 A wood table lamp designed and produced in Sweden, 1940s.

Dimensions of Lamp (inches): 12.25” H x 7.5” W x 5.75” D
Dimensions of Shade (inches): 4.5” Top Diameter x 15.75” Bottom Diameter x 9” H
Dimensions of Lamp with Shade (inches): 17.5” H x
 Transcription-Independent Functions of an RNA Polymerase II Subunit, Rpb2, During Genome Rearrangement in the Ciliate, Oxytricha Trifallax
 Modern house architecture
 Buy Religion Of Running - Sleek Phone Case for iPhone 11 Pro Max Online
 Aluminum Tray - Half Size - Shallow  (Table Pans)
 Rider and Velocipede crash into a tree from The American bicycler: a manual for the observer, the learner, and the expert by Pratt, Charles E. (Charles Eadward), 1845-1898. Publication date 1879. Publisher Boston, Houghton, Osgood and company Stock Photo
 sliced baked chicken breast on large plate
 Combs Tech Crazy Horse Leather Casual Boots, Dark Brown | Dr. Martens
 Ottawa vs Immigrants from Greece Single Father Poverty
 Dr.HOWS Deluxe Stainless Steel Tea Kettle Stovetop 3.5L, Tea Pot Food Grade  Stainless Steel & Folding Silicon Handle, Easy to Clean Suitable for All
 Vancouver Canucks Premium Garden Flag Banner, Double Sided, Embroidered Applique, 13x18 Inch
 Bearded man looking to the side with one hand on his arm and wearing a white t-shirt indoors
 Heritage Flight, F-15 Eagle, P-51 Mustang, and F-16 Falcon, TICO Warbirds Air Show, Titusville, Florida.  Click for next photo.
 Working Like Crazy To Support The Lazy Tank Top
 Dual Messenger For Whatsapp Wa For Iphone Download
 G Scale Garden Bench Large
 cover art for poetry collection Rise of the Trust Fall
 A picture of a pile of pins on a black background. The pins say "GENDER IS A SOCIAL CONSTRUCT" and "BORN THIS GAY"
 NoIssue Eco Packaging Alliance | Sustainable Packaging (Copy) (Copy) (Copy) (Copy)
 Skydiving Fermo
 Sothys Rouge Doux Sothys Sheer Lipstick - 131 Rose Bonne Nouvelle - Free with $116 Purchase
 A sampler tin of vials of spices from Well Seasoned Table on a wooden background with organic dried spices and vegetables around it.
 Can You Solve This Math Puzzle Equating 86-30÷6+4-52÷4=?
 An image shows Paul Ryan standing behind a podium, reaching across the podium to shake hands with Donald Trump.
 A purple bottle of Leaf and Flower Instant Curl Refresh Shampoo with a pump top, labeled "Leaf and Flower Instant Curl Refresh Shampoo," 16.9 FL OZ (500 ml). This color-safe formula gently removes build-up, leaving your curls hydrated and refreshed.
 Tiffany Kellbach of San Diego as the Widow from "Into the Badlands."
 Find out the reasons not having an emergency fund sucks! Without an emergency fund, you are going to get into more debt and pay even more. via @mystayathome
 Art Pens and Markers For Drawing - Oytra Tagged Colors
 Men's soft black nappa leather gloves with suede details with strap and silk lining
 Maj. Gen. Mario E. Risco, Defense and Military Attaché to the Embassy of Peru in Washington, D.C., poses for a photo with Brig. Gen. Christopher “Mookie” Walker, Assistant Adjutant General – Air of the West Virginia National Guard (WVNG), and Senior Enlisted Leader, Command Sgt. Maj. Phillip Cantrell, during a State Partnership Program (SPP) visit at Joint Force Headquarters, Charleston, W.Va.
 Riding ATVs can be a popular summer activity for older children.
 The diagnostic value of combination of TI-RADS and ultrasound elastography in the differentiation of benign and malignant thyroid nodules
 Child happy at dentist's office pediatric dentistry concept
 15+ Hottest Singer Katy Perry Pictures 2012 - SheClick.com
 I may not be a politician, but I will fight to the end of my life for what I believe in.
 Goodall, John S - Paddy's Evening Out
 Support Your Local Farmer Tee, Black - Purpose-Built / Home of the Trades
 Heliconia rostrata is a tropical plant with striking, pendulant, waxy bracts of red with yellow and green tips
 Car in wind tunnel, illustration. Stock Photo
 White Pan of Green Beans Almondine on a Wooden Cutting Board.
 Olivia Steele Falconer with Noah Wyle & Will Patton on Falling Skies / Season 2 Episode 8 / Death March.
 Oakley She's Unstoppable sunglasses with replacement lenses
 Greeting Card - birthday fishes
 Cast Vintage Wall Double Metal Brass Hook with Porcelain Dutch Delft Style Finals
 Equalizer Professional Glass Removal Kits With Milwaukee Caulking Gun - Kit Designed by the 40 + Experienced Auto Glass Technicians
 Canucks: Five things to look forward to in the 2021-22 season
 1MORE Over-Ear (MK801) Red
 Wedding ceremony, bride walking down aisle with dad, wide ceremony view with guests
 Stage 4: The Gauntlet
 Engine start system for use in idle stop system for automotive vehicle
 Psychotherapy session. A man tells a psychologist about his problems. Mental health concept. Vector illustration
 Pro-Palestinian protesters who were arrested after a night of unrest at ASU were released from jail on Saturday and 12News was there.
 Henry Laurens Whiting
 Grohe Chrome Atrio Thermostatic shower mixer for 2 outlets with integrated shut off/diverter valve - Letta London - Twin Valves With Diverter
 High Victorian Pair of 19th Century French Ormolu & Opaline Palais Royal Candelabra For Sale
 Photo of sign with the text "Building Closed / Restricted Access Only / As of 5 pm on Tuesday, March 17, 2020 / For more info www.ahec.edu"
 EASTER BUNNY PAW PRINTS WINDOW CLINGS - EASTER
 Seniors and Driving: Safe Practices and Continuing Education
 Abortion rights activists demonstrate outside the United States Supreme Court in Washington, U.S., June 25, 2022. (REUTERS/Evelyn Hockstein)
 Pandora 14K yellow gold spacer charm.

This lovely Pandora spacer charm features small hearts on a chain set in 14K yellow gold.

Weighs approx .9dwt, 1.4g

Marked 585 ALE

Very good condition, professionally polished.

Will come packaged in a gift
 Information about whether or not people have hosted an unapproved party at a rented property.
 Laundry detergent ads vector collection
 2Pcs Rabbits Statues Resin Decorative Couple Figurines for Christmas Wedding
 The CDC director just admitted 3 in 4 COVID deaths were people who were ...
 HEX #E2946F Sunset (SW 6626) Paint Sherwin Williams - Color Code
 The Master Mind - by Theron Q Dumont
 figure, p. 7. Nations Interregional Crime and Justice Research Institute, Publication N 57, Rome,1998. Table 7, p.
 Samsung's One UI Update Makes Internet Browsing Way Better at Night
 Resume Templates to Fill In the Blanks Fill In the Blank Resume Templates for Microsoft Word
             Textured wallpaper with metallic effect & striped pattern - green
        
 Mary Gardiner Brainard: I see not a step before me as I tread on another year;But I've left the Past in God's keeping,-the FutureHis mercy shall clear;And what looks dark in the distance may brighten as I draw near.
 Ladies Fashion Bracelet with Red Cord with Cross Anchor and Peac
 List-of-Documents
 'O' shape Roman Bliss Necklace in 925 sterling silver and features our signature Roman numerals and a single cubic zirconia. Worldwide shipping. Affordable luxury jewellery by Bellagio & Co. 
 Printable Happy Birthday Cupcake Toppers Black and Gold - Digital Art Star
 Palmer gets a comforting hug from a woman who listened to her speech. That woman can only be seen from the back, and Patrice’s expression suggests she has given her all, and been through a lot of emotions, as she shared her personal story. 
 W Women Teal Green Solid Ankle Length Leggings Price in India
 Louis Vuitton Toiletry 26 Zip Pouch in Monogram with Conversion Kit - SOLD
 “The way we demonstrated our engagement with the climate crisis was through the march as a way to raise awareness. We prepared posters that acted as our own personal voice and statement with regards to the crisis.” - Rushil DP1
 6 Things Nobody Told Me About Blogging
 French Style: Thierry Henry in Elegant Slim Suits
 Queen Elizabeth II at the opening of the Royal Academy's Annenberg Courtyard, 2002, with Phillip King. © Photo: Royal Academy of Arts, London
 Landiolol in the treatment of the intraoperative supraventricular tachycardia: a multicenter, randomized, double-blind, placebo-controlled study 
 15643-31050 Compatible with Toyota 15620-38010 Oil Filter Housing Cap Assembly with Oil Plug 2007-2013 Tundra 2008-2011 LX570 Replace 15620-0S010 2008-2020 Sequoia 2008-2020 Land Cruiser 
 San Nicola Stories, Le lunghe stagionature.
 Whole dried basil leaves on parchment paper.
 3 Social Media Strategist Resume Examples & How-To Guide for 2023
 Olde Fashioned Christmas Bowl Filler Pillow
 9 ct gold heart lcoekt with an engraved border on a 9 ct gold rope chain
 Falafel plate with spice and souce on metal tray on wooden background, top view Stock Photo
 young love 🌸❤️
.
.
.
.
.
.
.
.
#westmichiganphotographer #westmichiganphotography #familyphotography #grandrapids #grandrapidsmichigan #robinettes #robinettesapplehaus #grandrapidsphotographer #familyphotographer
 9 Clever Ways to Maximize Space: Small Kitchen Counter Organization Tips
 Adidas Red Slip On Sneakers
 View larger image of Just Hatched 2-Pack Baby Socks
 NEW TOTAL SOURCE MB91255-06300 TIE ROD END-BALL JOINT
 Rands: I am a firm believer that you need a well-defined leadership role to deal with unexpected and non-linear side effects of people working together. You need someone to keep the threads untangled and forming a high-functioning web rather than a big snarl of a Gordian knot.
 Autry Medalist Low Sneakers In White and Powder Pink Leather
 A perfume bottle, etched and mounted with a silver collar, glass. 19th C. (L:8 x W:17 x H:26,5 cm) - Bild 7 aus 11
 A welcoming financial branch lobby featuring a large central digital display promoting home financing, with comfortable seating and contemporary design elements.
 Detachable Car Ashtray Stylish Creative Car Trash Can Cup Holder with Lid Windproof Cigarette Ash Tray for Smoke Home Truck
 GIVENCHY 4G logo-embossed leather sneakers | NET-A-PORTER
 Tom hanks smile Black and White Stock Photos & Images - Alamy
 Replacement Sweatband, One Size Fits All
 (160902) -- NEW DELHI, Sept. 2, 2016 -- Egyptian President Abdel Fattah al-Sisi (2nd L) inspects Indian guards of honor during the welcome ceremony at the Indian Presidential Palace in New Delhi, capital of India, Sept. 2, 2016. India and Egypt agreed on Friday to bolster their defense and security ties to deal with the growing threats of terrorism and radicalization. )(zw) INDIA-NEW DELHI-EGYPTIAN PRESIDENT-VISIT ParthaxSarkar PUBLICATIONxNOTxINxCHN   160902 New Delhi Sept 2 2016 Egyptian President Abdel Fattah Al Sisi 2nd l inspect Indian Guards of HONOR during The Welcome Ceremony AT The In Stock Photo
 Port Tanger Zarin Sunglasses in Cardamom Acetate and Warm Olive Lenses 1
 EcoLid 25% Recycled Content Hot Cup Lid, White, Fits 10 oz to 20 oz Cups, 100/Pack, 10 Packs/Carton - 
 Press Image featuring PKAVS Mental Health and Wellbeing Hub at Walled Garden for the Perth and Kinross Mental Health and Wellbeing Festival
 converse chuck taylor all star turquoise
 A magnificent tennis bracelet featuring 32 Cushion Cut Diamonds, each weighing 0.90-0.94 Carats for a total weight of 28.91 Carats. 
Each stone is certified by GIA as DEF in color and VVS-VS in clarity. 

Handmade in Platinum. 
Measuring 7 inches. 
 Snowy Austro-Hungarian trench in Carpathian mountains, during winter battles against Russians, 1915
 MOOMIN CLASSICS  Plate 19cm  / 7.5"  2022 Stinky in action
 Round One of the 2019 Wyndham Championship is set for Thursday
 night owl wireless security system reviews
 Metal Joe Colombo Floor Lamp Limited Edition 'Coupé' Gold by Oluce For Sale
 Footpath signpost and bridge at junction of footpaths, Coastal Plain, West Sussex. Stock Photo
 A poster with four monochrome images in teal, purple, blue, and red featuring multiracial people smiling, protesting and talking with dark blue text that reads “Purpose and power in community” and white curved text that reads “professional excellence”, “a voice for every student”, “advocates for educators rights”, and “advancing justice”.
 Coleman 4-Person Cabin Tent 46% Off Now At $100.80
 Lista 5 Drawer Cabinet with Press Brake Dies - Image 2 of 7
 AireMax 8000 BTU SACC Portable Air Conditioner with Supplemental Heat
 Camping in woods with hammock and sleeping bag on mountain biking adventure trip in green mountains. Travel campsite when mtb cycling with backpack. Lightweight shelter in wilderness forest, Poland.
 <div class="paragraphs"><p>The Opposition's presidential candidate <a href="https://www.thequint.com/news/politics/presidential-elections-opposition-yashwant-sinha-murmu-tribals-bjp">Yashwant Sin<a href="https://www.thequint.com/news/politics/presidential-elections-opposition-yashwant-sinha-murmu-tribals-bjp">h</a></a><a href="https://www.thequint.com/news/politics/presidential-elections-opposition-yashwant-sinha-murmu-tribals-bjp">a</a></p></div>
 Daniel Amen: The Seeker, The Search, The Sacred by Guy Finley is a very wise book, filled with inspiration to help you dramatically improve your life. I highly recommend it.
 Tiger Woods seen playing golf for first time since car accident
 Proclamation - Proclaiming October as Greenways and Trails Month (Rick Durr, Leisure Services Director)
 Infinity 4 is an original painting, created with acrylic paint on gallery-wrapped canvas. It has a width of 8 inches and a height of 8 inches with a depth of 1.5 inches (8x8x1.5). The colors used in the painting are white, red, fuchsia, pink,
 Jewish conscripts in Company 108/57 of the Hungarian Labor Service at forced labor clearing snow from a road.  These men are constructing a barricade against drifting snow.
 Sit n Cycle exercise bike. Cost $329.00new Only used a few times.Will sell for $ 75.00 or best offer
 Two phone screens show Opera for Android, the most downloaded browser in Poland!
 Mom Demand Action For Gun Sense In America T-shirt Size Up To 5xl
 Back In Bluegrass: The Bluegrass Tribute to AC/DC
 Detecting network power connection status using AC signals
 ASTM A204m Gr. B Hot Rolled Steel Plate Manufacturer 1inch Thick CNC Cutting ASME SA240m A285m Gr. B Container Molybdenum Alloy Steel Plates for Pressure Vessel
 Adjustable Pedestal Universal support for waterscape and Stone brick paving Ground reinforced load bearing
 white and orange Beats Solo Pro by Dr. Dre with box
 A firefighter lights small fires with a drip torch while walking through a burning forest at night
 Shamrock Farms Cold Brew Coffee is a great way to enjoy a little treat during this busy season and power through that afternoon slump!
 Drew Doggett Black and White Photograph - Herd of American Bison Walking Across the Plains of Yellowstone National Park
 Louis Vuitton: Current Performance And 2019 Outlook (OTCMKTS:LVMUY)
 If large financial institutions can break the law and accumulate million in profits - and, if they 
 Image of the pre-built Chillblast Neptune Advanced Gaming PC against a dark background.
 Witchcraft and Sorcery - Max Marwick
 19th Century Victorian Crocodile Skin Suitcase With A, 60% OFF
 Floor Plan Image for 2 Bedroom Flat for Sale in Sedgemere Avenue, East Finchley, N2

□ □ □ □

**Problem requirements:** Could you transcribe the entries above word for word, from the line with "Laundry detergent ads vector collection" down to the line with "Louis Vuitton Toiletry", keeping both?

**Solution for this task:**
 Laundry detergent ads vector collection
 2Pcs Rabbits Statues Resin Decorative Couple Figurines for Christmas Wedding
 The CDC director just admitted 3 in 4 COVID deaths were people who were ...
 HEX #E2946F Sunset (SW 6626) Paint Sherwin Williams - Color Code
 The Master Mind - by Theron Q Dumont
 figure, p. 7. Nations Interregional Crime and Justice Research Institute, Publication N 57, Rome,1998. Table 7, p.
 Samsung's One UI Update Makes Internet Browsing Way Better at Night
 Resume Templates to Fill In the Blanks Fill In the Blank Resume Templates for Microsoft Word
             Textured wallpaper with metallic effect & striped pattern - green
        
 Mary Gardiner Brainard: I see not a step before me as I tread on another year;But I've left the Past in God's keeping,-the FutureHis mercy shall clear;And what looks dark in the distance may brighten as I draw near.
 Ladies Fashion Bracelet with Red Cord with Cross Anchor and Peac
 List-of-Documents
 'O' shape Roman Bliss Necklace in 925 sterling silver and features our signature Roman numerals and a single cubic zirconia. Worldwide shipping. Affordable luxury jewellery by Bellagio & Co. 
 Printable Happy Birthday Cupcake Toppers Black and Gold - Digital Art Star
 Palmer gets a comforting hug from a woman who listened to her speech. That woman can only be seen from the back, and Patrice’s expression suggests she has given her all, and been through a lot of emotions, as she shared her personal story. 
 W Women Teal Green Solid Ankle Length Leggings Price in India
 Louis Vuitton Toiletry 26 Zip Pouch in Monogram with Conversion Kit - SOLD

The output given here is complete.